4. Choose the Denylist BLACKLIST DROP UDP IP prior to rate limiting from the drop-down template list.

5. Click Next to configure the rule parameters.

6. Set the Severity Level to Critical.

7. Set the Blacklisted IP address/network to 203.0.113.254.

8. Click Save and Close.

9. Select All Custom Rules.

10. Note the rule ID for the newly created rule (120103001).

    • You can use the text editor Geany under Application List -> Geany on jump-desktop to save your rule ID.

11. Publish the rule when prompted.

12. Switch back to the support-server VM (training/infoblox).

13. Open the bmon tool.

    • Expand the terminal window so you can see the colored charts that visualize DNS traffic flow during our tests.

14. Press the down arrow key on your keyboard to select the eth2 interface.

    • This indicates that you are monitoring traffic on the eth2 interface, which is connected to the 203.0.113.0 network.

15. Open another terminal window.

16. Type the command queryperf.

17. Use 100 QPS.

    • This value is arbitrary; we can use any value we want.

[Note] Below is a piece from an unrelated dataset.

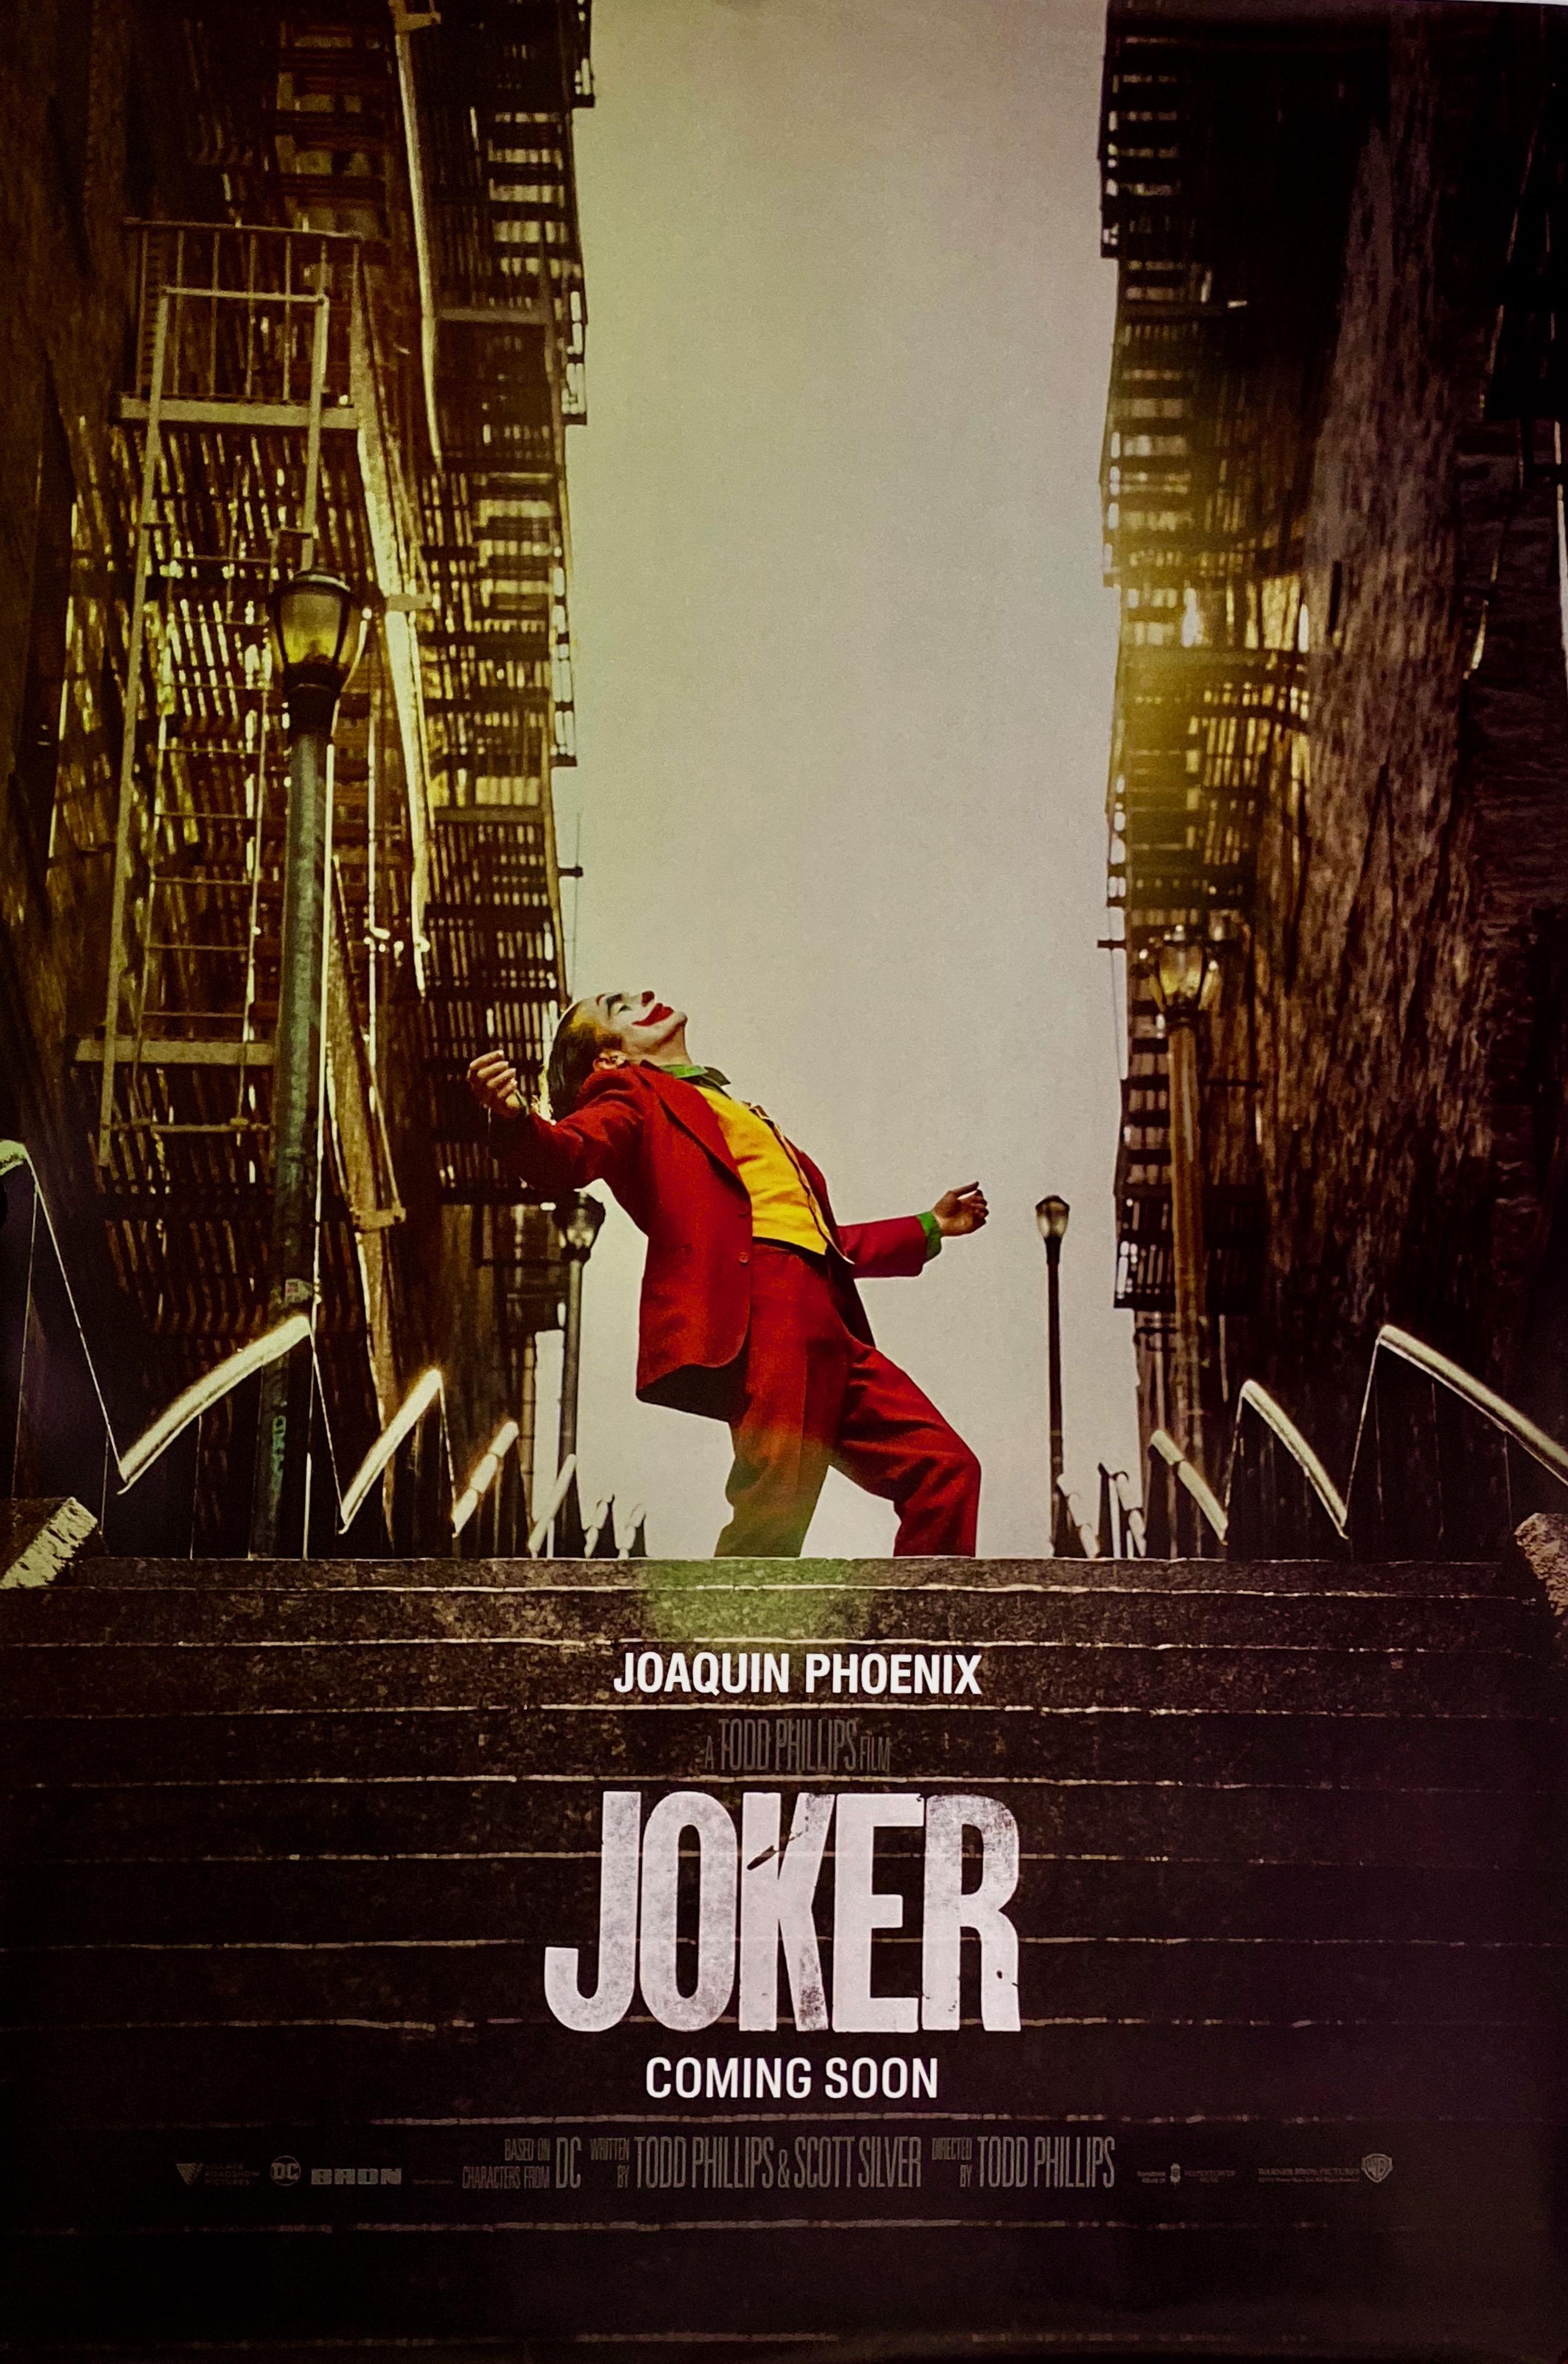 Original Joker Movie Poster - Joaquin Phoenix - Batman - Gotham City

Any volume of traffic should be blocked.

18. The bmon window should show a very brief spike in queries just before the rule gets triggered, followed by no traffic at all after the rule is triggered, which verifies that our traffic from the malicious IP 203.0.113.254 is being blocked and our custom rule has been triggered properly.

19. Switch back to jump-desktop.

20. On the Grid Manager UI, navigate to Administration → Logs → Syslog.

21. Choose extibns.techblue.net from the Log Viewer drop-down menu.

22. Click the Toggle multi-line view link.

23. Select Threat Detection Event Logs from the Quick Filter drop-down list.

24. Enter the rule ID for the custom rule you noted earlier (120103001).

25. New syslog entries with a rule ID matching the custom rule ID (120103001) should indicate that the rule triggered a DROP action, with category of BLACKLIST DROP UDP IP prior to rate limiting, verifying our observations in bmon.

26. Navigate to Data Management → Security → DNS Infrastructure Protection Rules.

27. Click on the link for the 20250702-16 ruleset.

28. Click the Quick Filter drop-down list.

29. to select All Custom Rules.

30. Click the hamburger icon next to the custom BLACKLIST DROP UDP IP prior to rate limiting rule for 203.0.113.254.

31. Click Disable.

32. Publish the changes when prompted.